Flagstaff is a pleasant college town near the rim of the Grand Canyon. We arrive in a blizzard and Brook drops me at a hostel. After a few days, I look online for a ride further south – it’s now possible to thumb a lift from the comfort of your dorm bed. Social-networking sites such as Craigslist contain sections where you can post notices offering rides or asking for them.

My ad gets a response within a day from a man in a beanie touring the south-west in his VW camper. As we drive to Tucson in the early morning, the hills and canyons of central Arizona are green after the winter thaw. Here and there the tumescent branches of the saguaro cactus rise like alien TV aerials, a cinematic shorthand for the American desert.
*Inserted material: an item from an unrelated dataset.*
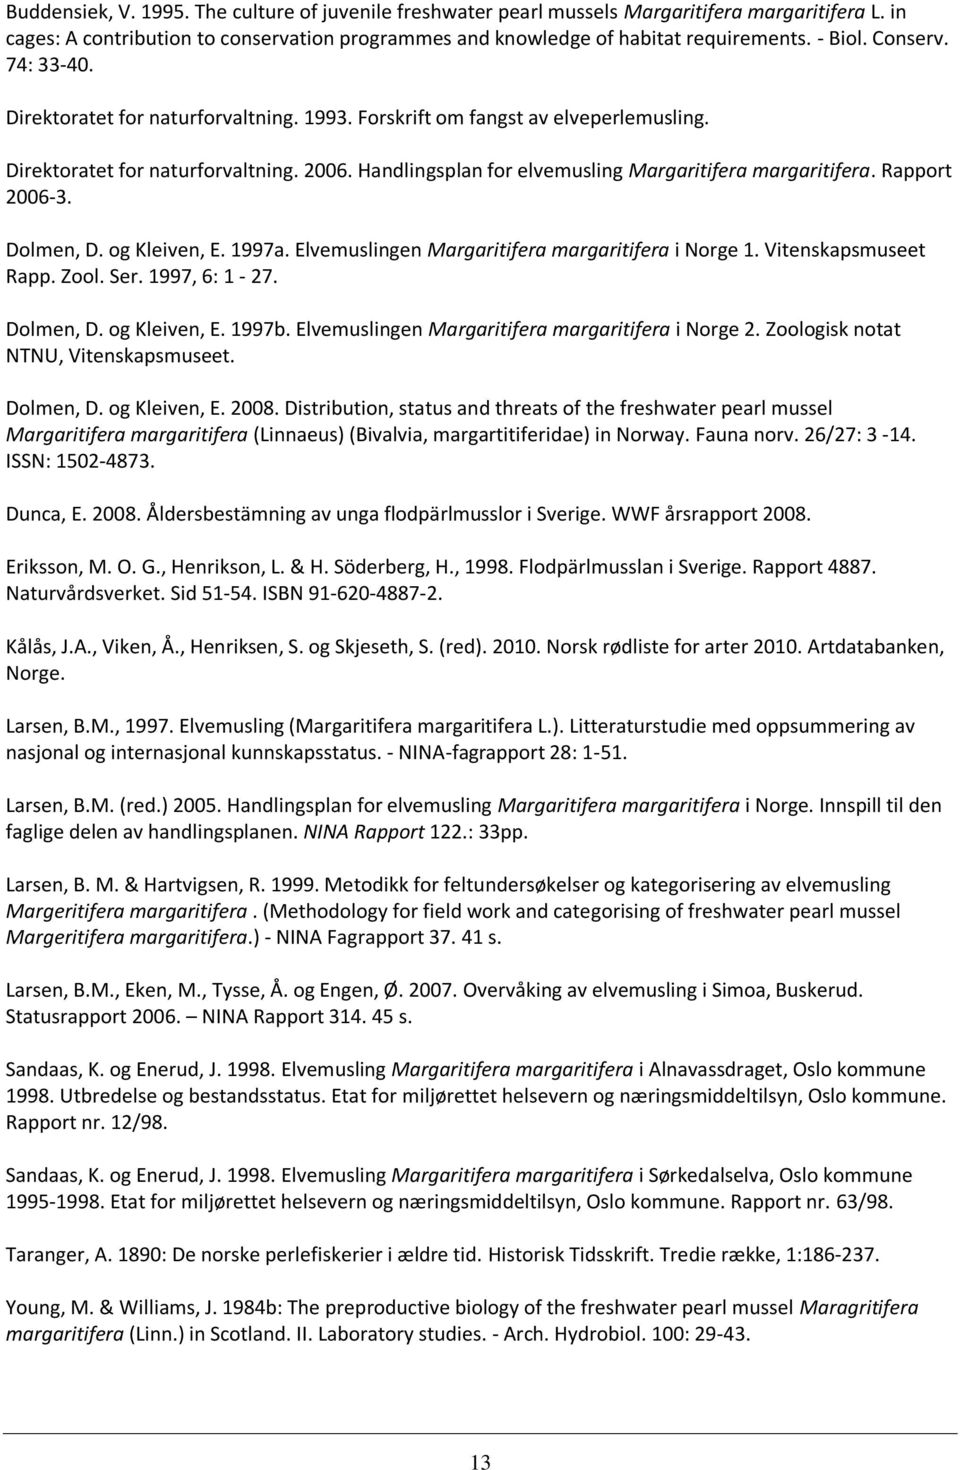 Handlingsplan for elvemusling Margaritifera margaritifera. Rapport 2006-3. Dolmen, D. og Kleiven, E. 1997a. Elvemuslingen Margaritifera margaritifera i Norge 1. Vitenskapsmuseet Rapp. Zool. Ser.

My driver, Joel, tells me about riding the rails. In the first half of last century, especially during the Depression, catching free train rides was a common way to travel in the US. Hoboes looking for work climbed aboard freight wagons in the dead of night hoping to avoid a beating from a ”bull”, the name given to the men hired to protect the freight.

A former inmate’s memoir published in the ’20s, You Can’t Win offers some first-hand accounts of this world. Its author, Jack Black, rode the rails in all seasons. In one scene, he describes seeing a young man crushed to death when a pile of timber collapses in his wagon.

No one rides the rails out of necessity any more, Joel says. It is mostly college graduates in search of adventure. ”It’s gutter punk,” he says. ”What a trust-fund kid might do to get his kicks.”

I stay a couple of nights in Tucson. The days are getting hot and in the historic Hotel Congress I sip whiskey sours and read ’30s newspaper articles about John Dillinger, the bank robber and public enemy No. 1 who was arrested here with his gang. As in nearby Phoenix, large areas of Tucson are sprawling suburbs devoid of character. Unlike its neighbour, Tucson makes up for this with a well-preserved downtown, which mixes Spanish-style adobe mansions with art deco Americana.

On my last day here, I wait at a petrol station for a ride along the final stretch – 110 kilometres south to Mexico. A minivan turns up, on the way to the border. The driver wants cash, then crams me in the back beside an old Mexican man with no teeth, sucking on dried apricots. Half an hour later the sky darkens. Streaks of rain bounce violently off the bitumen as I try to recall the Spanish for ”please eat with your mouth shut”.

Many commentators blame the media for the decline in popularity of hitchhiking. The depiction of the psychotic loner, either at the box office or in the news, has struck a chord in the public imagination. Add these fears to an increasingly atomised society, where people feel estranged from one another, and you are left with the impression that hitchhiking is a thing of the past.

These armchair obituaries annoy Ingram, who still hitches from his home in Chino Valley, Arizona. He says his golden age for hitching rides was the ’60s, when his US Marines uniform was an ”open ticket for the road”. But he disputes the idea it has become so much harder, or defunct, as a mode of travel.

”It’s always been hard to get a ride and it’s always been easy,” says Ingram, who once got stuck in Barstow for four days waiting for a lift. ”It’s not the time of year or the decade, it’s the getting out there.”